▶ _WORK TO BE COMPLETED_
Print every record below exactly, minus the pictures.

▶ _Dataset entries_
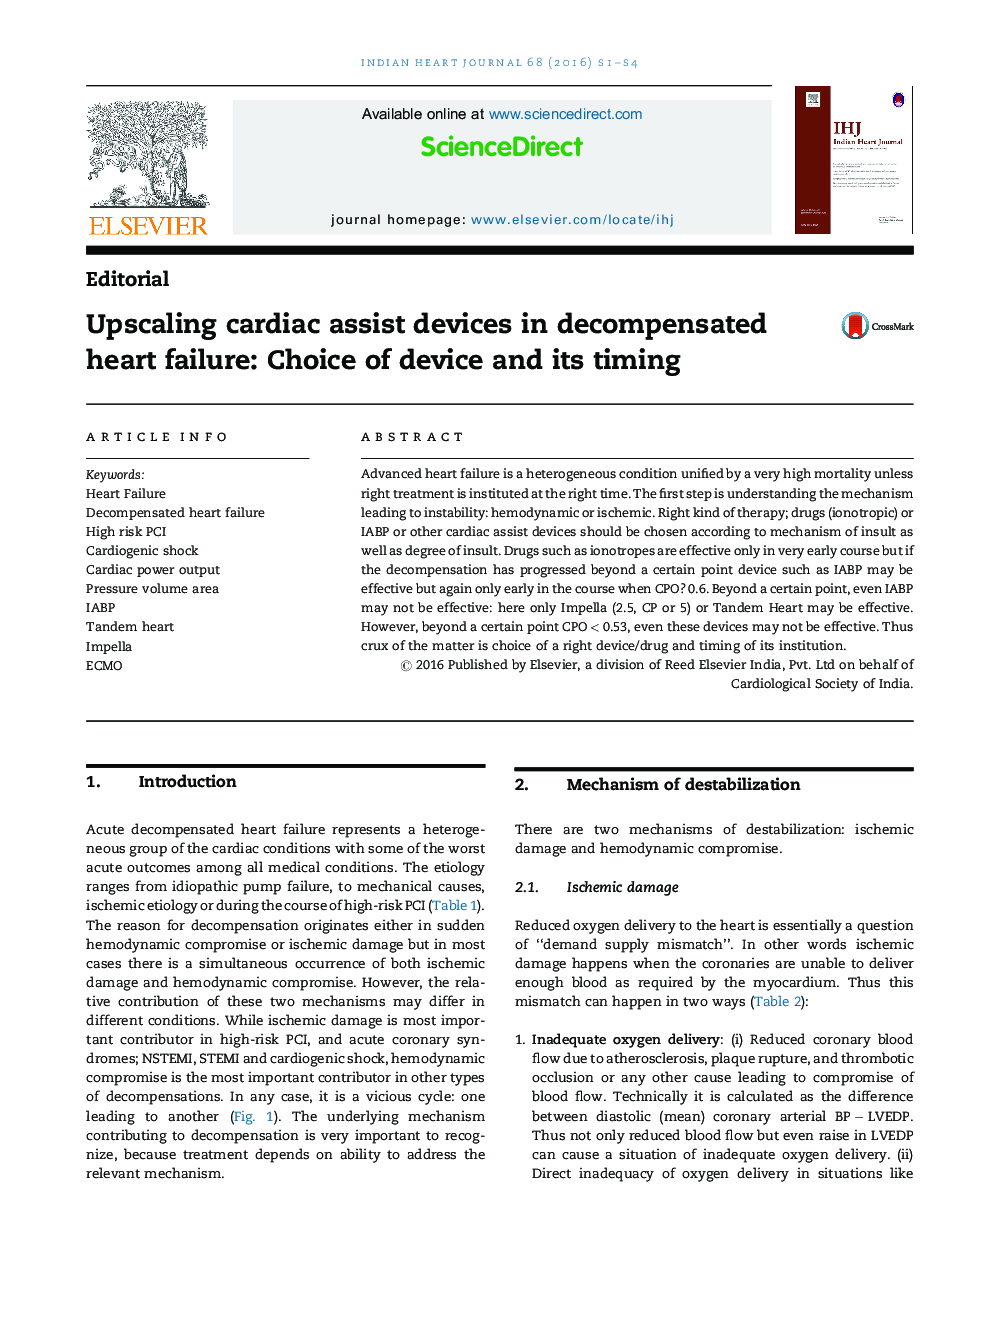 Upscaling cardiac assist devices in decompensated heart failure: Choice of device and its timing
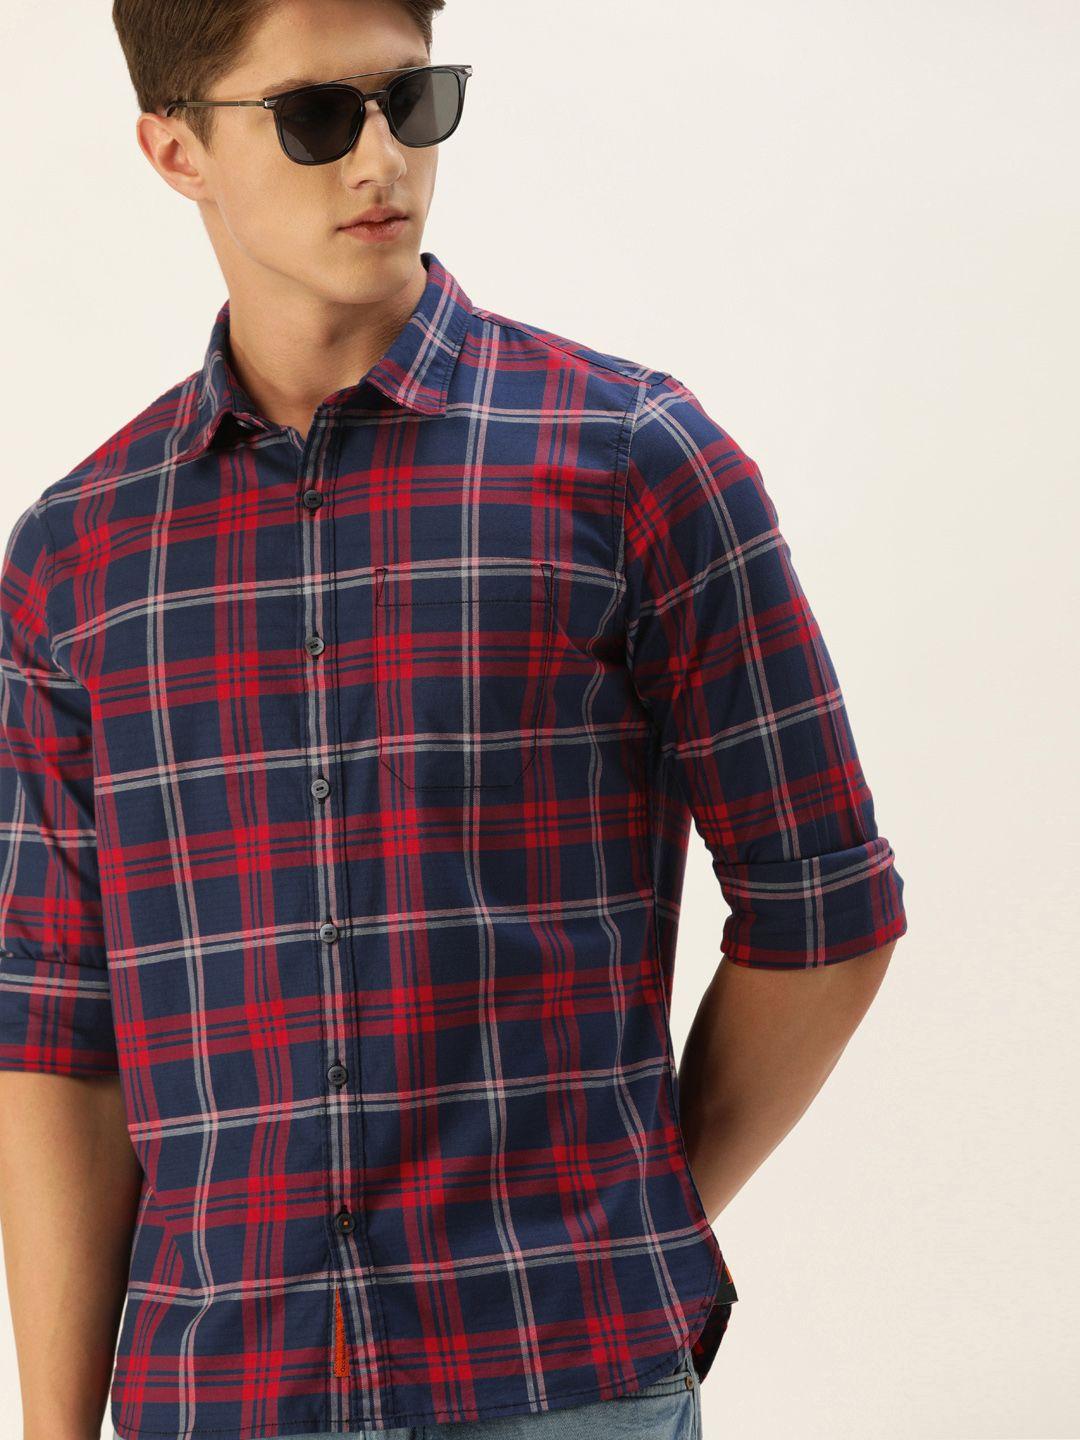 single men navy blue & red slim fit checked casual shirt
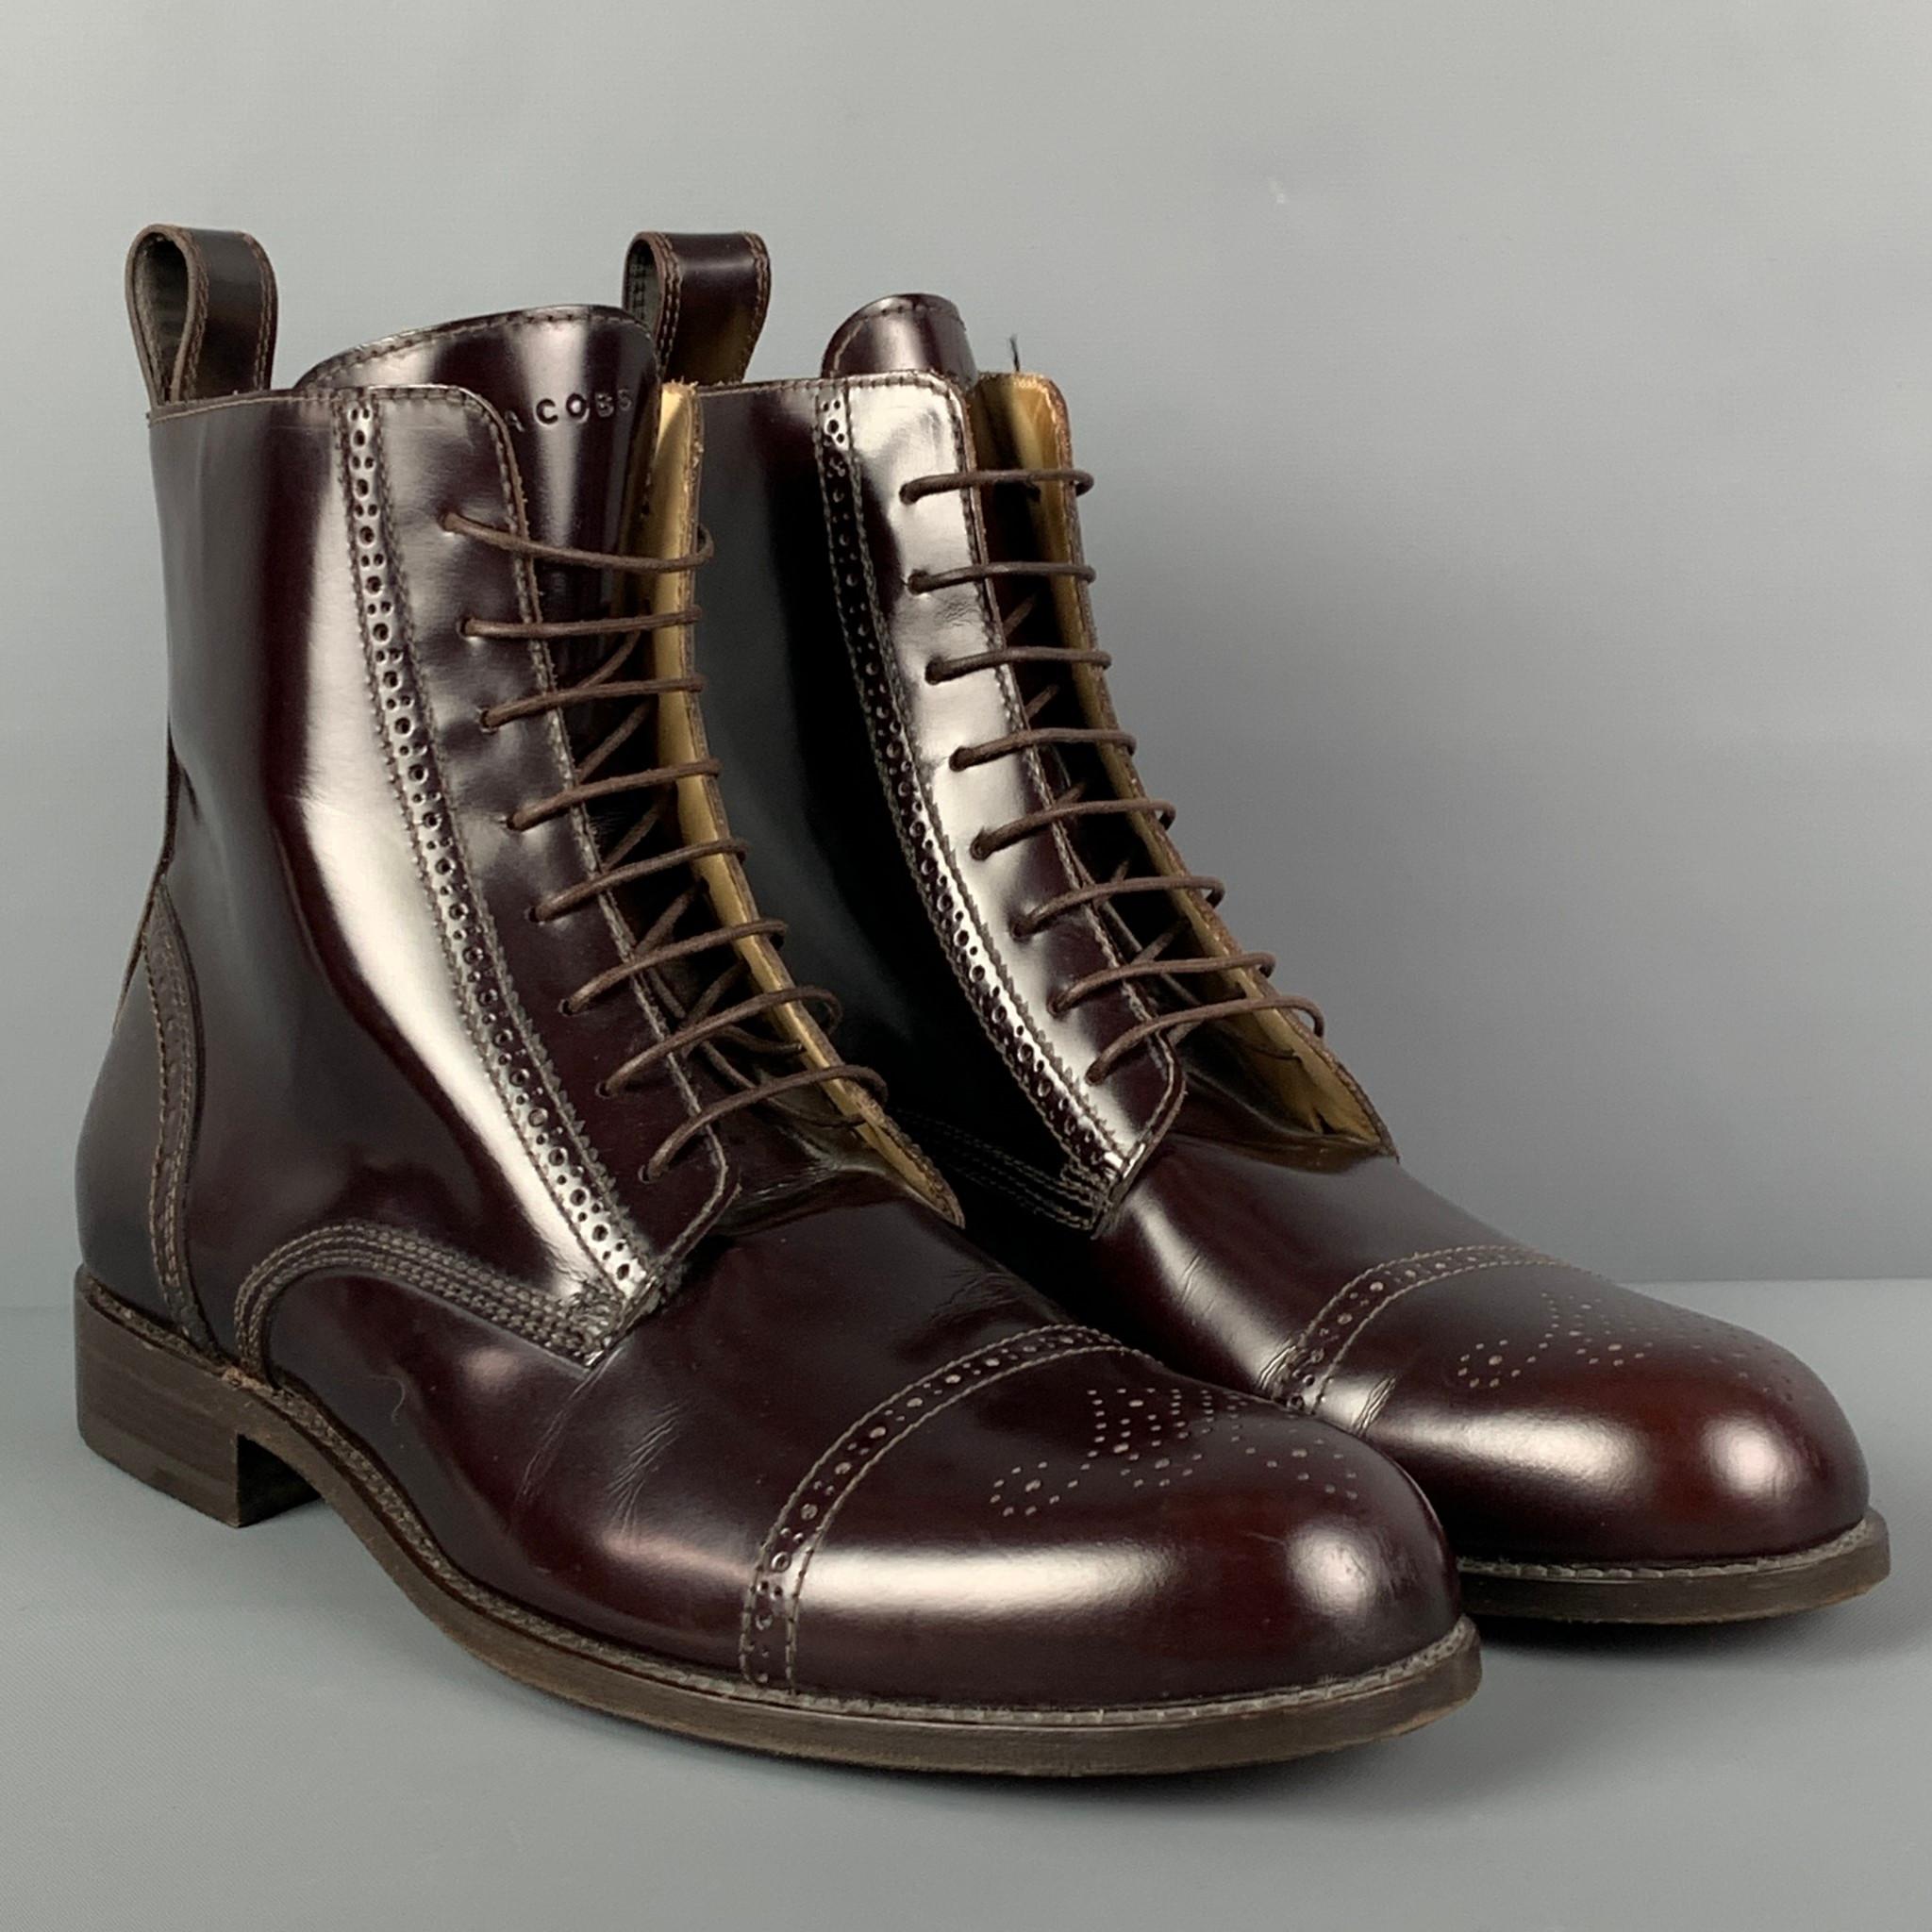 MARC JACOBS ankle boots comes in a burgundy perforated leather featuring a cap toe ad a lace up closure. Handmade in Italy. 

Very Good Pre-Owned Condition.
Marked: 8.5

Measurements:

Length: 12 in.
Width: 4 in.
Height: 6 in.

▶ _RESULT_
 Upscaling cardiac assist devices in decompensated heart failure: Choice of device and its timing
 single men navy blue & red slim fit checked casual shirt
 MARC JACOBS ankle boots comes in a burgundy perforated leather featuring a cap toe ad a lace up closure. Handmade in Italy. 

Very Good Pre-Owned Condition.
Marked: 8.5

Measurements:

Length: 12 in.
Width: 4 in.
Height: 6 in.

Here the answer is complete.